**Goal of the exercise**.
The line containing "Dior gowns, Dior fashion, haute couture" marks the end, so write out exactly every line from the top of the entries below through that one.

**Available records**.
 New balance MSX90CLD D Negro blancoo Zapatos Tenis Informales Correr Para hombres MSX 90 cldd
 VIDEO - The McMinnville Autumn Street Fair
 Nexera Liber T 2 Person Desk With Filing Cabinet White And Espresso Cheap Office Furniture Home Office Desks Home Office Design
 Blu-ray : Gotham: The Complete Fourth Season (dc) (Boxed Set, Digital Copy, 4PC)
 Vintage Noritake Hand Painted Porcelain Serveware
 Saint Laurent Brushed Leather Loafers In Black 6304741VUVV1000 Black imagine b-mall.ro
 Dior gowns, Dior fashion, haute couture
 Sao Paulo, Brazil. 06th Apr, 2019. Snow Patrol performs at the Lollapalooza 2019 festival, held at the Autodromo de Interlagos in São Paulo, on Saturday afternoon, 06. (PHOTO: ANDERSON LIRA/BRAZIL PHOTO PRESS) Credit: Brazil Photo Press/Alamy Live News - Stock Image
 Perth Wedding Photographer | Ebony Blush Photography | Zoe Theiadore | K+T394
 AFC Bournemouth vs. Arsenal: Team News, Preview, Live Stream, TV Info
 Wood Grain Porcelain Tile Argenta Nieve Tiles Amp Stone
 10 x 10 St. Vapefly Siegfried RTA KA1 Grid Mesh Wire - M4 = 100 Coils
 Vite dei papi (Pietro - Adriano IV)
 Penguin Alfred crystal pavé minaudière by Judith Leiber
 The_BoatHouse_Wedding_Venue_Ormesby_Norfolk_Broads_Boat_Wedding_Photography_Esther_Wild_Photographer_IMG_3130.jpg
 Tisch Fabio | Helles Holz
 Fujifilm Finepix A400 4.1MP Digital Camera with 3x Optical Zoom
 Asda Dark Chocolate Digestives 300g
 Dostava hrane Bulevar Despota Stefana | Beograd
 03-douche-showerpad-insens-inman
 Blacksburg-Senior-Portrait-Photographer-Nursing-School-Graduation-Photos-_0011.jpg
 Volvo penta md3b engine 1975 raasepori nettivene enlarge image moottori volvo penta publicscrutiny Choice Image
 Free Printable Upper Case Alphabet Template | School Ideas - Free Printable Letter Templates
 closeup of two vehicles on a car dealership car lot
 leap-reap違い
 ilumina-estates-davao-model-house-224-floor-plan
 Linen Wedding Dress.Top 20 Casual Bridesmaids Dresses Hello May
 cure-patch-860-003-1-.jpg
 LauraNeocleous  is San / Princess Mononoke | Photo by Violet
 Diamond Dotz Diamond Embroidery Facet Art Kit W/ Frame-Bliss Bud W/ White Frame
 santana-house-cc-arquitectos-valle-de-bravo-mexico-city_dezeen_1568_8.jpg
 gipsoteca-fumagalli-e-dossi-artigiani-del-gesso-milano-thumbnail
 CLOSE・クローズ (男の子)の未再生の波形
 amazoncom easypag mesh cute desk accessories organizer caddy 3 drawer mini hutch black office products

**Result**.
 New balance MSX90CLD D Negro blancoo Zapatos Tenis Informales Correr Para hombres MSX 90 cldd
 VIDEO - The McMinnville Autumn Street Fair
 Nexera Liber T 2 Person Desk With Filing Cabinet White And Espresso Cheap Office Furniture Home Office Desks Home Office Design
 Blu-ray : Gotham: The Complete Fourth Season (dc) (Boxed Set, Digital Copy, 4PC)
 Vintage Noritake Hand Painted Porcelain Serveware
 Saint Laurent Brushed Leather Loafers In Black 6304741VUVV1000 Black imagine b-mall.ro
 Dior gowns, Dior fashion, haute couture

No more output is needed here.